Assigned task: From the records below, copy each line in which the string "Maria" occurs.

Stored data:
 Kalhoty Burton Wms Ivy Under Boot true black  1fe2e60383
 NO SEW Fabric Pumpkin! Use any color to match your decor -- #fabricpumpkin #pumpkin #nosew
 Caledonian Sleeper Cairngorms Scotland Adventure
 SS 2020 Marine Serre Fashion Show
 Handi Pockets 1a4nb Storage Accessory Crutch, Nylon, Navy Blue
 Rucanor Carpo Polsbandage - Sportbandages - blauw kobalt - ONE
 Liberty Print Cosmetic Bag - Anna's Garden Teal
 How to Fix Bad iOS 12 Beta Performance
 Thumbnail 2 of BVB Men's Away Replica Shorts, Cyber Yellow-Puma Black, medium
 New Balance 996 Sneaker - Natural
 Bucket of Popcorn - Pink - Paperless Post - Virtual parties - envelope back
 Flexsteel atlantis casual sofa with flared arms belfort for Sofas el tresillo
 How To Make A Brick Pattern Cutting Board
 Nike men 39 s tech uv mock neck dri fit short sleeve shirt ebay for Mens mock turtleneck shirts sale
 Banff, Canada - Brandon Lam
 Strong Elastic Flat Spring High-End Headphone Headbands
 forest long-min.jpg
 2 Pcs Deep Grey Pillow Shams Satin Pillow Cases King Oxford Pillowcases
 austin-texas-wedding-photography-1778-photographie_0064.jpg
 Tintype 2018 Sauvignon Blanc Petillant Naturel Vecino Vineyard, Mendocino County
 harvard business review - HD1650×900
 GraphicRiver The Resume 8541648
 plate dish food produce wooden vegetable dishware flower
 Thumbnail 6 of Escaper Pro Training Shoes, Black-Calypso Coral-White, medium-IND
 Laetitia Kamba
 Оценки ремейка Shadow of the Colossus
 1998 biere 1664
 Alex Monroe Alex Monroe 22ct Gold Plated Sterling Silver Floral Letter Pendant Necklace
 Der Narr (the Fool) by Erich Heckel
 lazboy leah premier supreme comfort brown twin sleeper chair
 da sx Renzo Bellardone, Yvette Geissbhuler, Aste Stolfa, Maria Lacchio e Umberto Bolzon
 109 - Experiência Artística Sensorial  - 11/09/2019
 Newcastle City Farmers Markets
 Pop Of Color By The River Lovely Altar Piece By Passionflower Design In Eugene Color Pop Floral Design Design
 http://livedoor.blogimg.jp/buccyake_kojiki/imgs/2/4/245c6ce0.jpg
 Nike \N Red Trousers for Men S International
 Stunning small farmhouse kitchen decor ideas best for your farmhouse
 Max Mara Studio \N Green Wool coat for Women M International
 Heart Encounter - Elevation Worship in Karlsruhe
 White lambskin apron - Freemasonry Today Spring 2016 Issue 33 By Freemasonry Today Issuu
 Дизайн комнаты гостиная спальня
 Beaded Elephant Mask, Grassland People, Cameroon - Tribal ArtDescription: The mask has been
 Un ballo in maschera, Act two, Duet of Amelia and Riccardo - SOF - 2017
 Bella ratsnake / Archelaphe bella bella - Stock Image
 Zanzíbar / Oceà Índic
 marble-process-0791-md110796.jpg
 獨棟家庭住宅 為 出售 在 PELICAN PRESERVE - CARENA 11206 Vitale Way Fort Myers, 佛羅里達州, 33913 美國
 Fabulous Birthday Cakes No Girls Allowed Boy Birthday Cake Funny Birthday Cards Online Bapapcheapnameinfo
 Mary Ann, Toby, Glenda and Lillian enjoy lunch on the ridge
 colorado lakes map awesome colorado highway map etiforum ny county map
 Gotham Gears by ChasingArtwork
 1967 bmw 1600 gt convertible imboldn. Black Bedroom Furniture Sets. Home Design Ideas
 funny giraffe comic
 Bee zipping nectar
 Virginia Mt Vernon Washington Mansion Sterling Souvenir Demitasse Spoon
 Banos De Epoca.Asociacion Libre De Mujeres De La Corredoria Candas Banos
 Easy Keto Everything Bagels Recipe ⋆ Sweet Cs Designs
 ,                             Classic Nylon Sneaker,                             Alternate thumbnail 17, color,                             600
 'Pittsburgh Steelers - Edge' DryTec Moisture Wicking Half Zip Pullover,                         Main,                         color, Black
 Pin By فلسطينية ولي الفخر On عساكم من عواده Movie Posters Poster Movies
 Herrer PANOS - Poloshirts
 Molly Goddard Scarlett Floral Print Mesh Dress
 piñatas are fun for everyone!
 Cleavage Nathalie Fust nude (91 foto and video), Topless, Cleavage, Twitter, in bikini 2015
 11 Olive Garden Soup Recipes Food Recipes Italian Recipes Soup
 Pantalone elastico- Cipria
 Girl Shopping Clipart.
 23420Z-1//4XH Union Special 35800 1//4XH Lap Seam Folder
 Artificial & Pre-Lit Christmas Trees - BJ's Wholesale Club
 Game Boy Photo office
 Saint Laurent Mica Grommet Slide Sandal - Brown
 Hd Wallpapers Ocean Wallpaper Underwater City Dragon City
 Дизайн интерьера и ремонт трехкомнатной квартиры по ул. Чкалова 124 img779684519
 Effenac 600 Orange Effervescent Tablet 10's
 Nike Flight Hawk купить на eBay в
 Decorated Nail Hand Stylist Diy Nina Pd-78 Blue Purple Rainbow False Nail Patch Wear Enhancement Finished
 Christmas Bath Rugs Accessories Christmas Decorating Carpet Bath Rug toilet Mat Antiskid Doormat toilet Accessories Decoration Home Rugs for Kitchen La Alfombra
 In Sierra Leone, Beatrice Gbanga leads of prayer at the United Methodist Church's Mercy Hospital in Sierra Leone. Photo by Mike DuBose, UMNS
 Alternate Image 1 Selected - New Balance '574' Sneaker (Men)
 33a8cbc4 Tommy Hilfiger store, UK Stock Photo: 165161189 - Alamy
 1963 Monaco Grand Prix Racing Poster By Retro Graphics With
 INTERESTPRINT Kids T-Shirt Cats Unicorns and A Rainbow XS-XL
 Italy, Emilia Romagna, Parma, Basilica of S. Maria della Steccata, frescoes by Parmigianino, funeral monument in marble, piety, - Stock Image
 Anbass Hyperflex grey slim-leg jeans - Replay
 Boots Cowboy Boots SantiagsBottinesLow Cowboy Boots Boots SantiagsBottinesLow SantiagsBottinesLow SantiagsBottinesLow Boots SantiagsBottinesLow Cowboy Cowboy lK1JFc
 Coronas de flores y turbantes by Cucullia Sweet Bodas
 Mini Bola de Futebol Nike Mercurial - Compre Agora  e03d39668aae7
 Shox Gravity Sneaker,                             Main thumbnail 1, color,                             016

Task response:
 da sx Renzo Bellardone, Yvette Geissbhuler, Aste Stolfa, Maria Lacchio e Umberto Bolzon
 Italy, Emilia Romagna, Parma, Basilica of S. Maria della Steccata, frescoes by Parmigianino, funeral monument in marble, piety, - Stock Image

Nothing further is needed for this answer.